Journal of Virology ◽

10.1128/jvi.02060-16 ◽

2016 ◽

Vol 91 (4) ◽

Cited By ~ 7

Author(s):

Edukondalu Mullapudi ◽

Tibor Füzik ◽

Antonín Přidal ◽

Pavel Plevka

Keyword(s):

Electron Microscopy ◽

The United States ◽

Capsid Proteins ◽

Content Type ◽

Cryo Electron Microscopy ◽

The Family ◽

Electron Microscopy Analysis ◽

Colony Collapse ◽

Acute Bee Paralysis Virus ◽

Paralysis Virus

ABSTRACT Viruses of the family Dicistroviridae can cause substantial economic damage by infecting agriculturally important insects. Israeli acute bee paralysis virus (IAPV) causes honeybee colony collapse disorder in the United States. High-resolution molecular details of the genome delivery mechanism of dicistroviruses are unknown. Here we present a cryo-electron microscopy analysis of IAPV virions induced to release their genomes in vitro. We determined structures of full IAPV virions primed to release their genomes to a resolution of 3.3 Å and of empty capsids to a resolution of 3.9 Å. We show that IAPV does not form expanded A particles before genome release as in the case of related enteroviruses of the family Picornaviridae. The structural changes observed in the empty IAPV particles include detachment of the VP4 minor capsid proteins from the inner face of the capsid and partial loss of the structure of the N-terminal arms of the VP2 capsid proteins. Unlike the case for many picornaviruses, the empty particles of IAPV are not expanded relative to the native virions and do not contain pores in their capsids that might serve as channels for genome release.

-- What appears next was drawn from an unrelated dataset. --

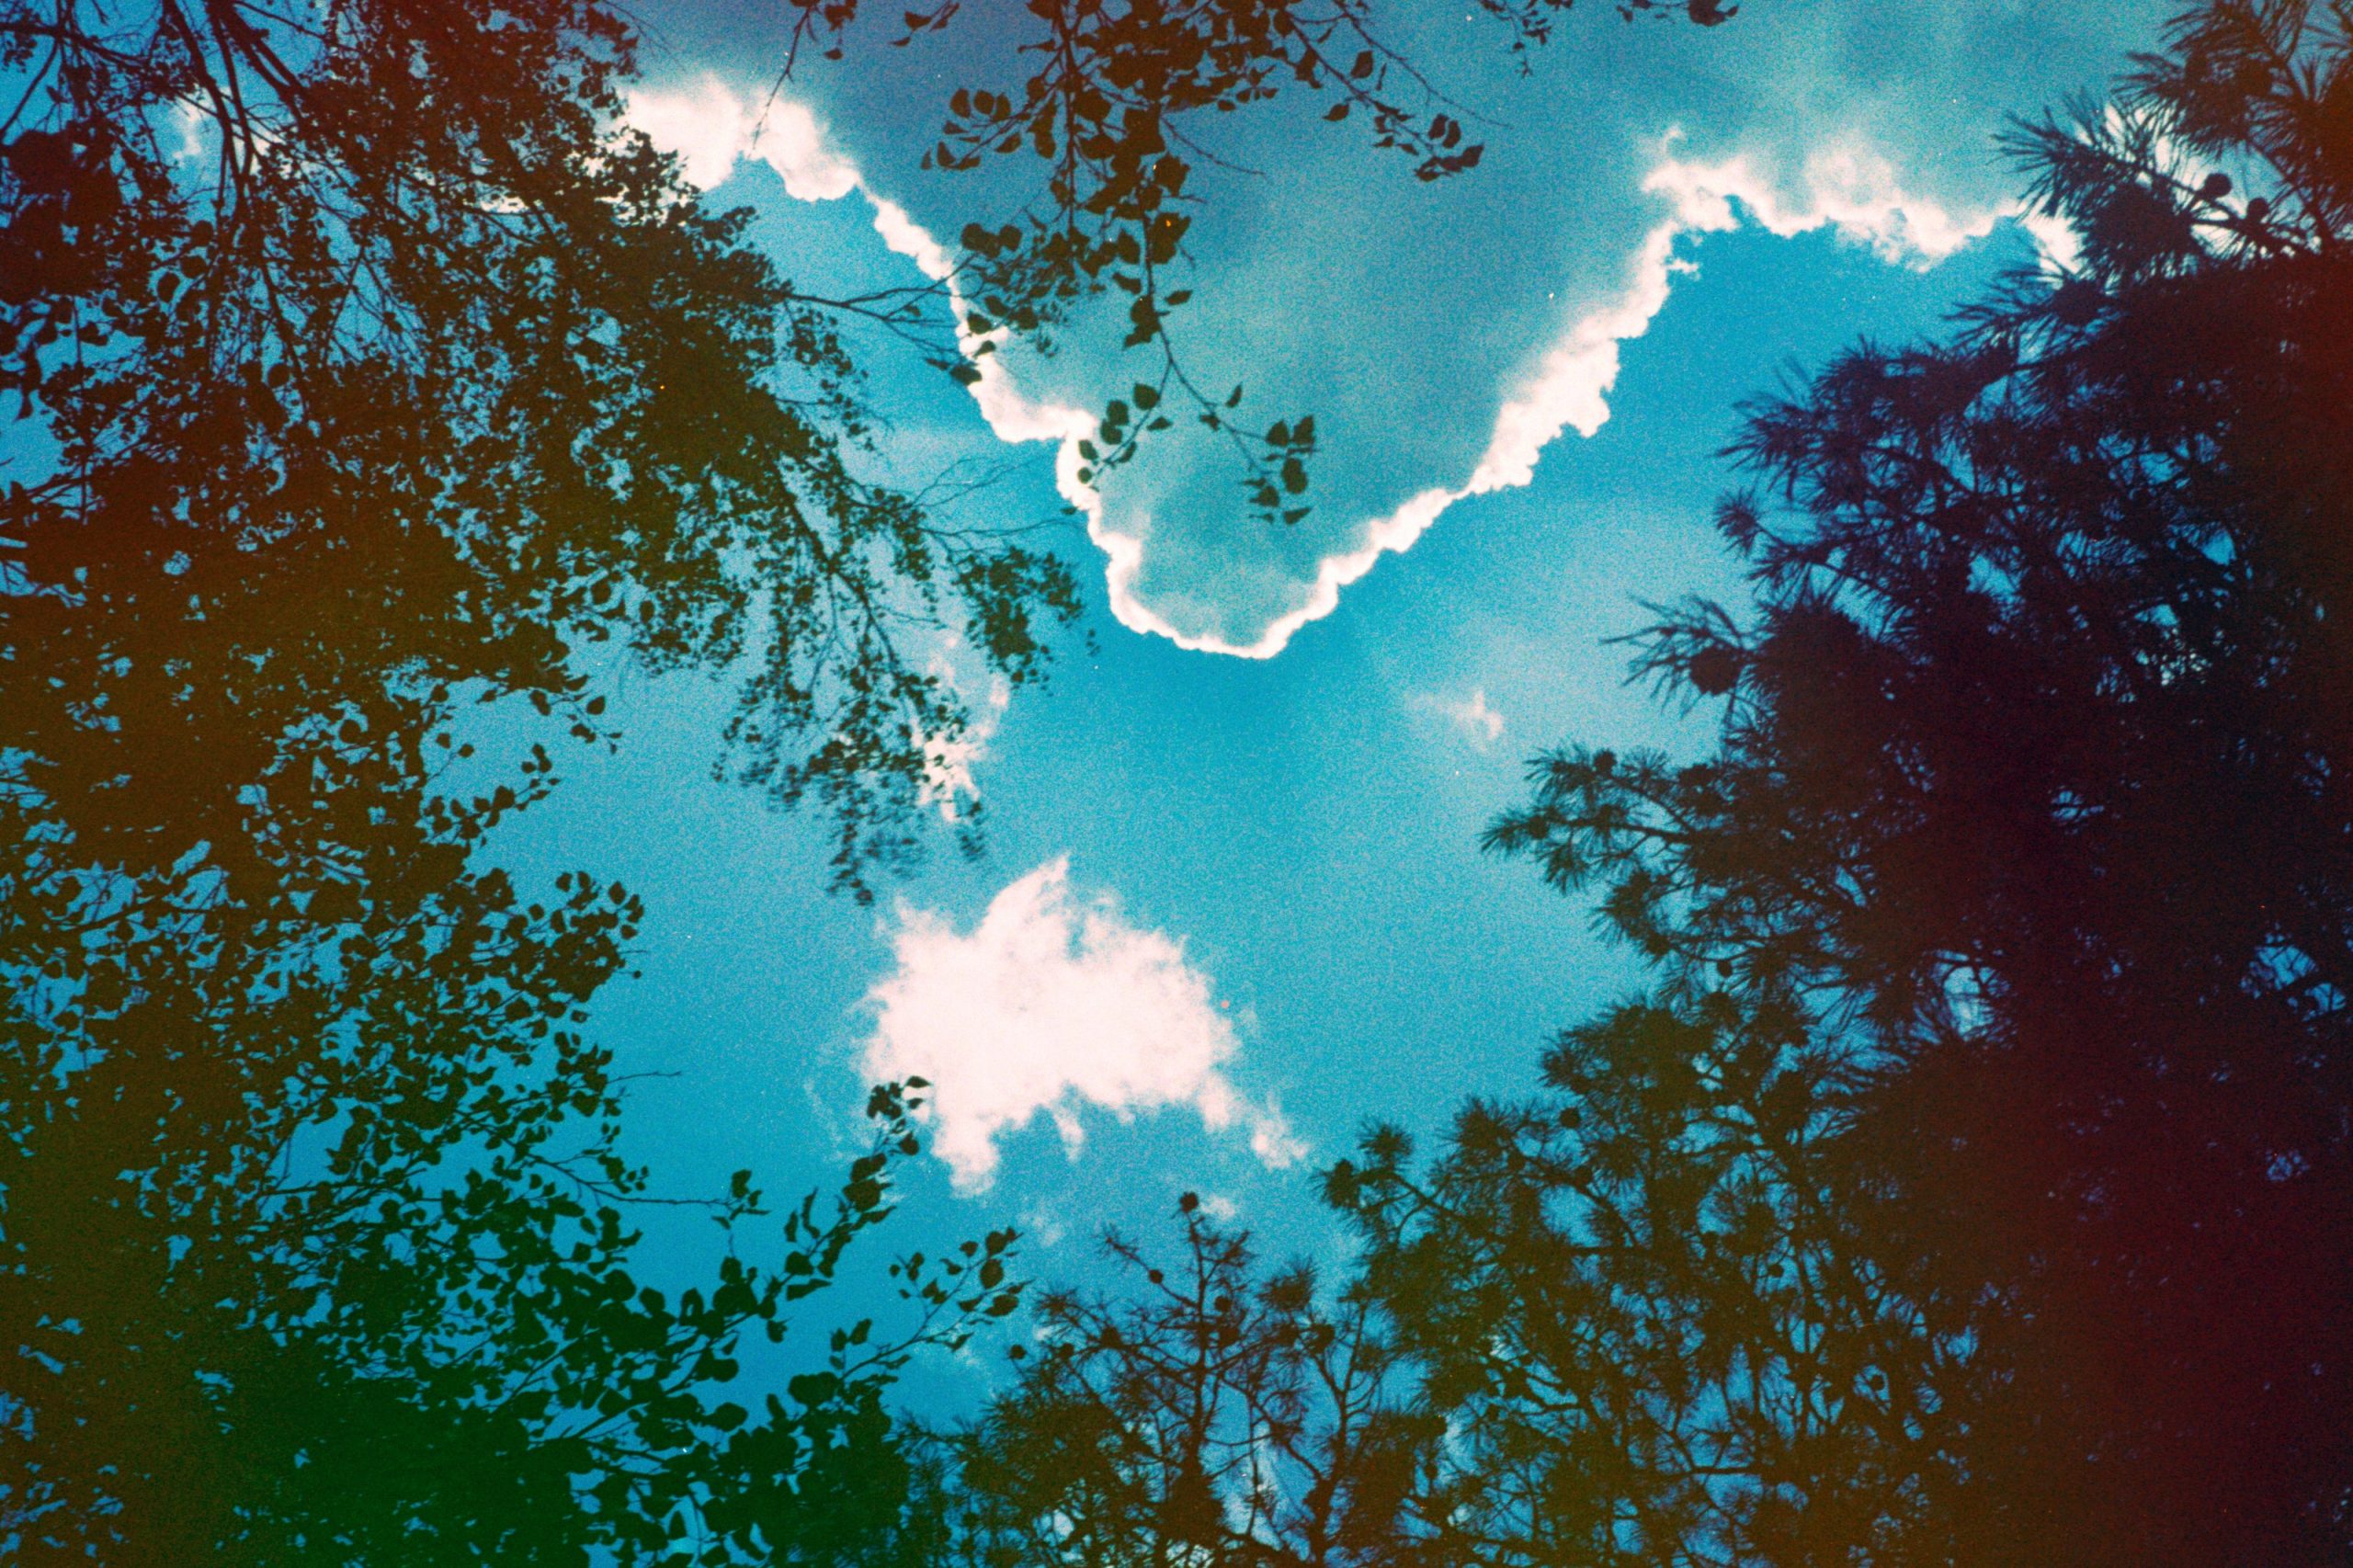 A photoshopped image of the sky with surrounding trees in the shot.

Therefore, rearrangement of a unique region of the capsid is probably required for IAPV genome release. IMPORTANCE Honeybee populations in Europe and North America are declining due to pressure from pathogens, including viruses. Israeli acute bee paralysis virus (IAPV), a member of the family Dicistroviridae, causes honeybee colony collapse disorder in the United States. The delivery of virus genomes into host cells is necessary for the initiation of infection. Here we present a structural cryo-electron microscopy analysis of IAPV particles induced to release their genomes. We show that genome release is not preceded by an expansion of IAPV virions as in the case of related picornaviruses that infect vertebrates. Furthermore, minor capsid proteins detach from the capsid upon genome release. The genome leaves behind empty particles that have compact protein shells.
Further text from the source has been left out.